How does CBRS relate to 5G wireless?

From a deployment timeline we’re looking at companies starting to deploy (4G LTE services) in the second half of 2017, so this is a near-term opportunity. That’s not to say that in the future somebody who wants to get access to the band for 5G couldn’t use 5G in the band. There is no exclusive use of the band for any particular type of technology. It’s technology agnostic.

Are there any concerns about what the newly configured FCC might do related to CBRS?

I don’t have concerns. They’ve been very supportive in moving the band forward with respect to getting the actual devices approved and working with another forum, the WInnForum, to put in place the right process to do that.

I know the CBRS Alliance has announced that the Big 4 U.S. carriers have joined, but is there any sense of whether we're mainly going to be talking about the same-old, same-old companies taking advantage of this spectrum, or will newer companies too?
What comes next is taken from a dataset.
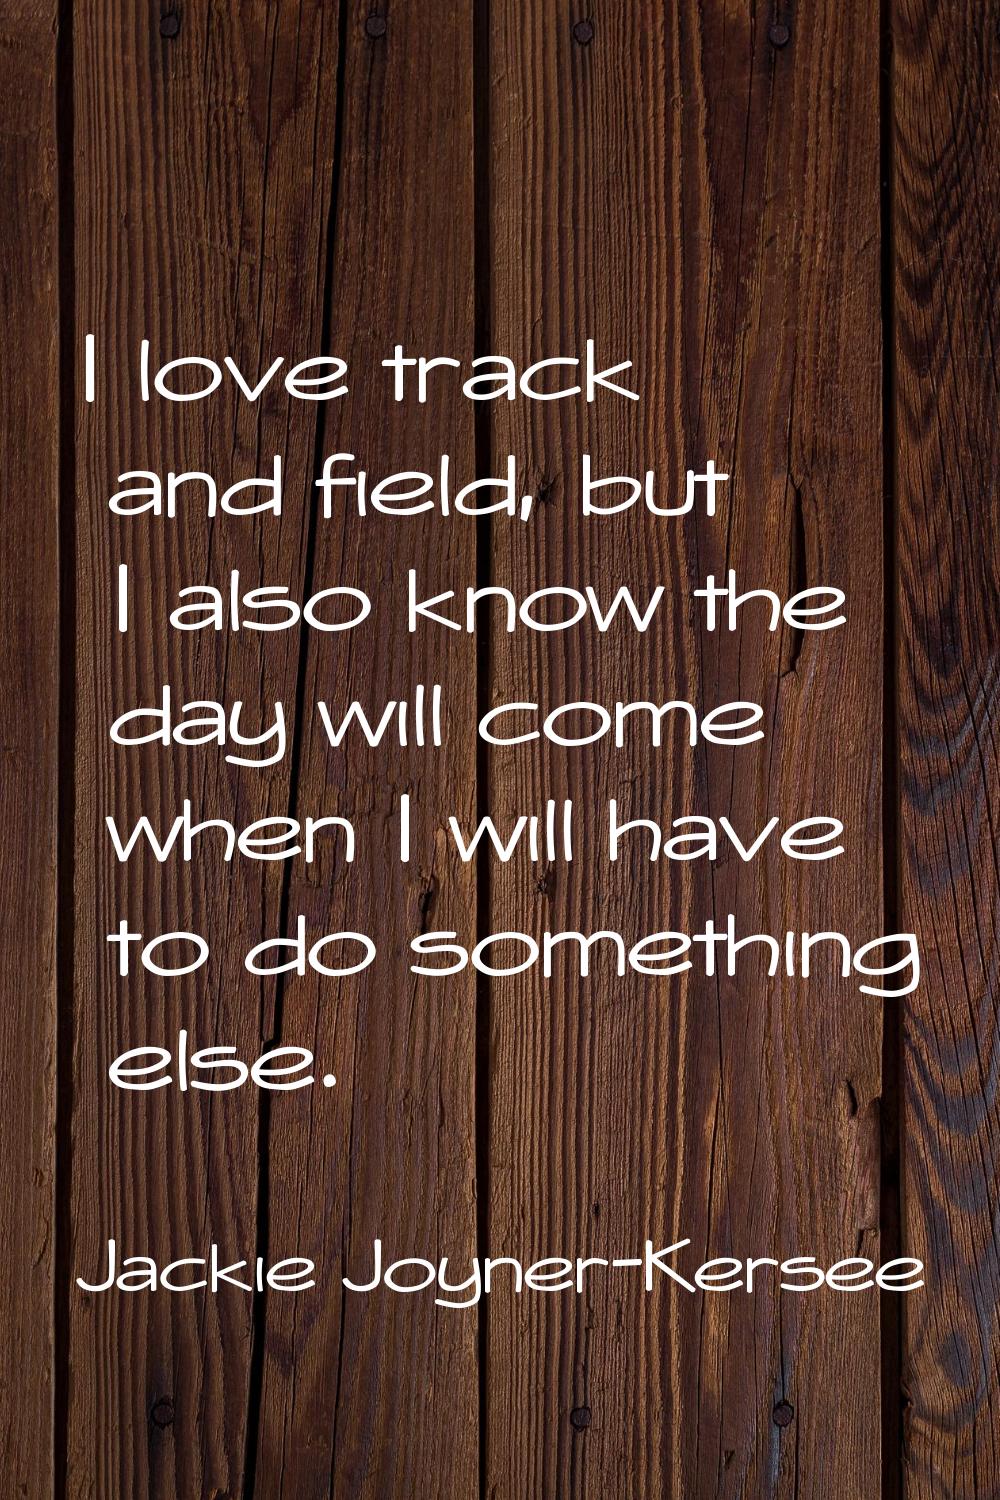 I love track and field, but I also know the day will come when I will have to do something else.

All the big cable companies are part of the CBRS Alliance, the big infrastructure vendors, a number of smaller companies. We announced that we are working with GE and Nokia on private LTE IoT networks. There's a lot of interest from industrial companies in leveraging the spectrum in a private setting where you're not necessarily reliant on a public network for connecting devices and people. There are going to be multiple use cases.

What should enterprise IT shops be paying attention to regarding CBRS?

There are a lot of device manufacturers who are interested in CBRS and providing different device types, whether it be connected laptops or tablets or communications devices within a private setting. So a medium or large enterprise could set up a private network for its own connectivity use cases for its staff, whether that’s in a warehouse setting or a logistics hub or a remote location or a large carpeted enterprise.  

I understand CBRS is mainly a U.S.-focused effort, is that correct?

That is correct, because of the nature of the band. In other markets there is a lot of fixed wireless being used in the band and some of those operators will be moved, and I believe parts of the world are allocating 3.5 GHz to be used for 5G.  So I think the U.S. is in a particular situation largely because of the historical incumbents who have occupied the band vs. other markets where the band is occupied by more commercial players. So governments are looking at how to allocate that spectrum to 5G moving forward.

But even though this is a U.S. effort, people from all over the world are watching, right?

That is absolutely correct. There is really very little spectrum under 6 GHz and even in millimeter wave that can be cleared very quickly and licensed out. So the shared model is one that a lot of regulators are looking to the U.S. on the CBRS band to actually prove out. And if we are able to prove out that people can utilize the spectrum efficiently and fairly, then I think a lot of regulators would be extremely interested to deploy the same kind of model to free up shared spectrum in their own markets, whether it be in LTE or 5G in the future.